Масса еврейского населения вошла в состав Российской империи после раздела Польши в XVIII веке. Погромы же начались лишь в самом конце XIX столетия. Почему полтора столетия погромов не было, а затем они пошли волной? Изменилось ли что-нибудь в вероучении и в этике Православия за эти полстолетия? — Нет. Изменилось ли что-нибудь в иудаизма за это же время? Если можно в данном случае пренебречь появлением хасидизма — то тоже нет. Но, хотя религии остались прежними, жизнь людей все же изменилась. Александровские реформы привели к тому, что крестьянин вышел на рынок. И первые же самостоятельные контакты с городом и с миром торговли показали, что всюду уже существуют монополии, и торгово-посреднические услуги в Восточной Европе контролируются по большей части евреями. Посредники-монополисты очевидным образом богатели, крестьяне — беднели… Классовая ненависть — как и любая ненависть, греховна. Но погромы — это выплеск именно классовой ненависти, а не плод религиозного воспитания.

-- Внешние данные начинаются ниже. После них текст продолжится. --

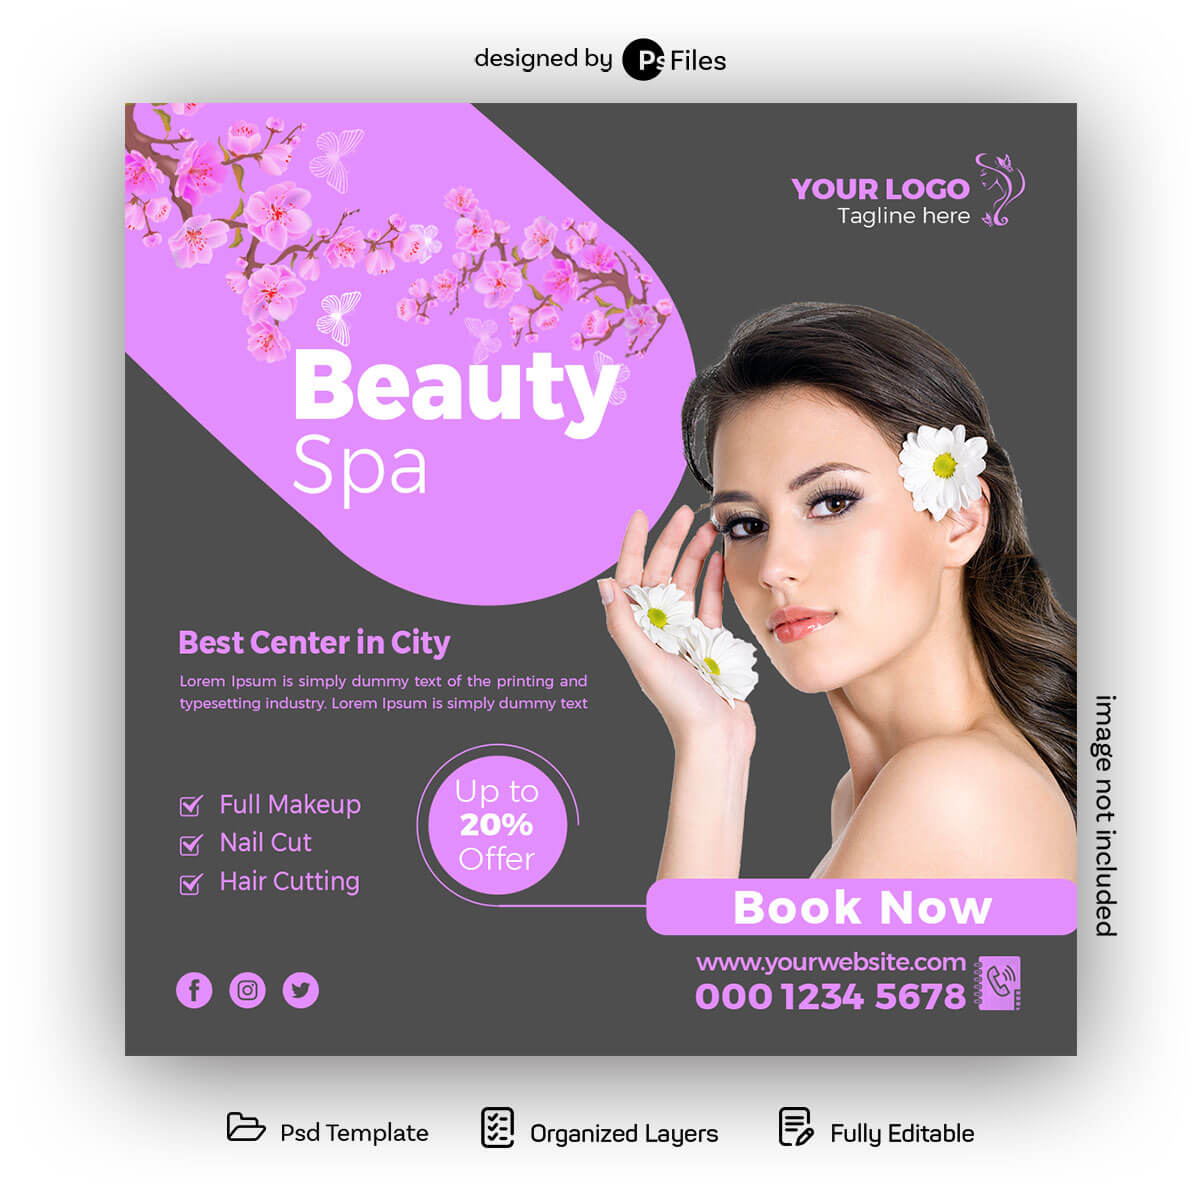 Pink color PsFiles Free Beauty Spa Salon Instagram Post Design PSD Template
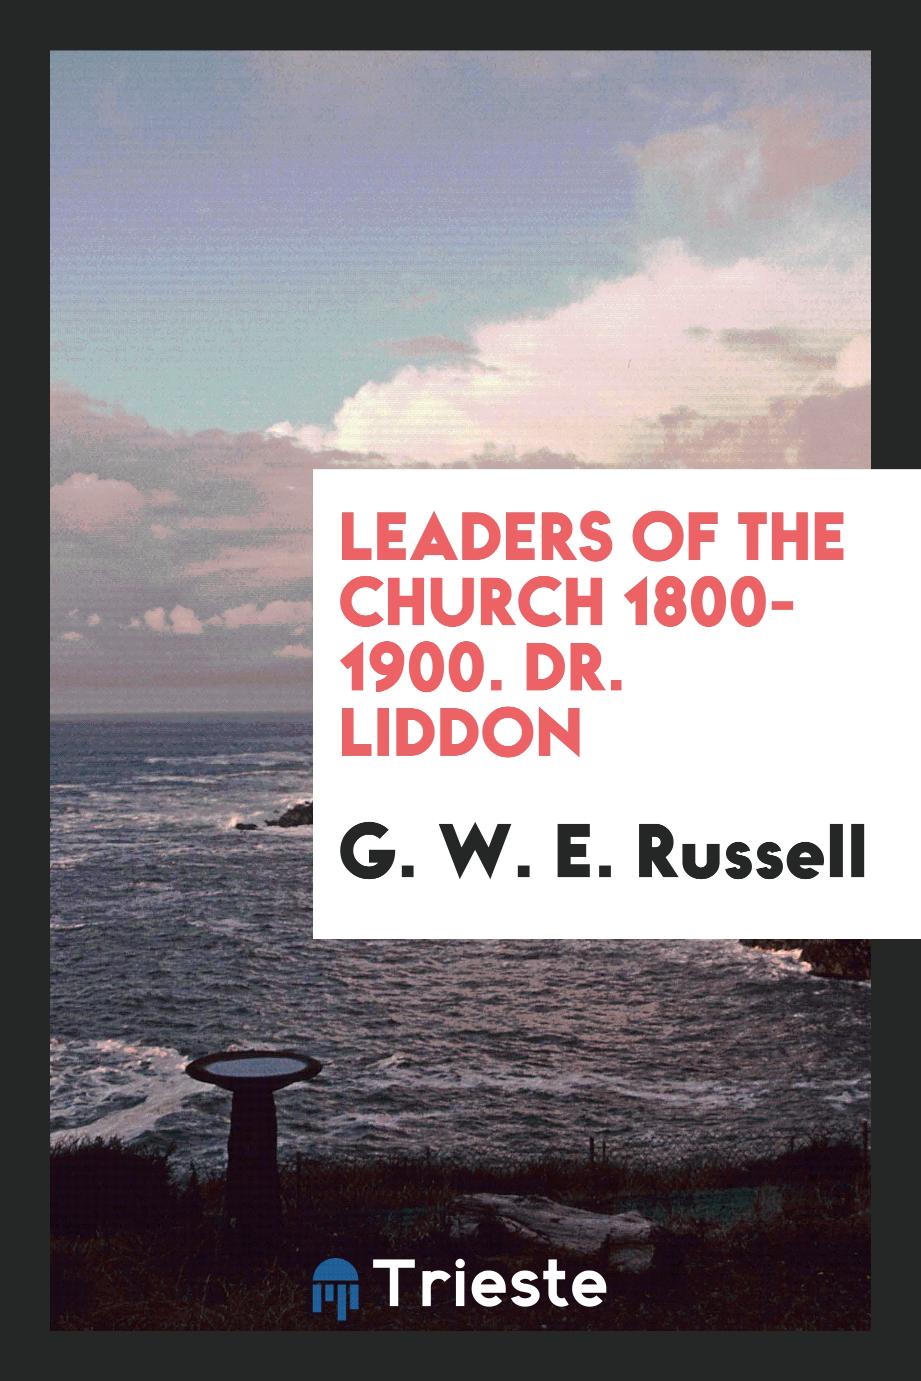 Leaders of the Church 1800-1900. Dr. Liddon

Впрочем, так можно объяснить кишиневский погром. Но Киевский и другие погромы времен “первой русской революции” имели под собой и религиозную мотивацию. Слишком много оскорблений своему национальному и религиозному чувству услышали православные из уст местечковых митинговщиков. Например, 18 октября 1905 г., накануне киевского погрома, в Киеве вполне обычны были сцены типа: “Манифестанты ворвались в Николаевский парк и здесь сорвали инициалы и надписи с памятника императора Николая I. При этом евреи, набросив на памятник аркан, старались стащить статую Императора с пьедестала. Некоторые же из толпы влезли на памятник и пытались укрепить в руке статуи красное знамя. Всех, проходивших мимо, манифестанты заставляли снимать шапки перед красными флагами. Был случай, когда на одной из улиц они, набросившись на проезжавшего священника, сбили с него шапку палками. На другой улице евреи, украшенные красными бантами, стали оскорблять четырех проходивших мимо толпы солдат, они на них плевали и вызывали этим негодование случайных свидетелей такого возмутительного поругания войска” [67]… Эти строки взяты из “Всеподданнейшего отчета о произведенном по Высочайшему повелению Гофмейстером Двора Его Императорского Величества Сенатором Турау исследований причин беспорядков, бывших в г. Киеве”. Замечу, что сенатор приехал не для наказания революционеров, а для наказания лиц, виновных в ответных погромах. В его предложениях, завершающих его отчет, нет ни слова о мерах против евреев. Он предлагает только наказания в адрес руководителей полиции Киева за то, что они “не руководили действиями полиции по прекращению разгрома квартир и магазинов и расхищения имущества и не обращались к надлежащему содействию войск” [68].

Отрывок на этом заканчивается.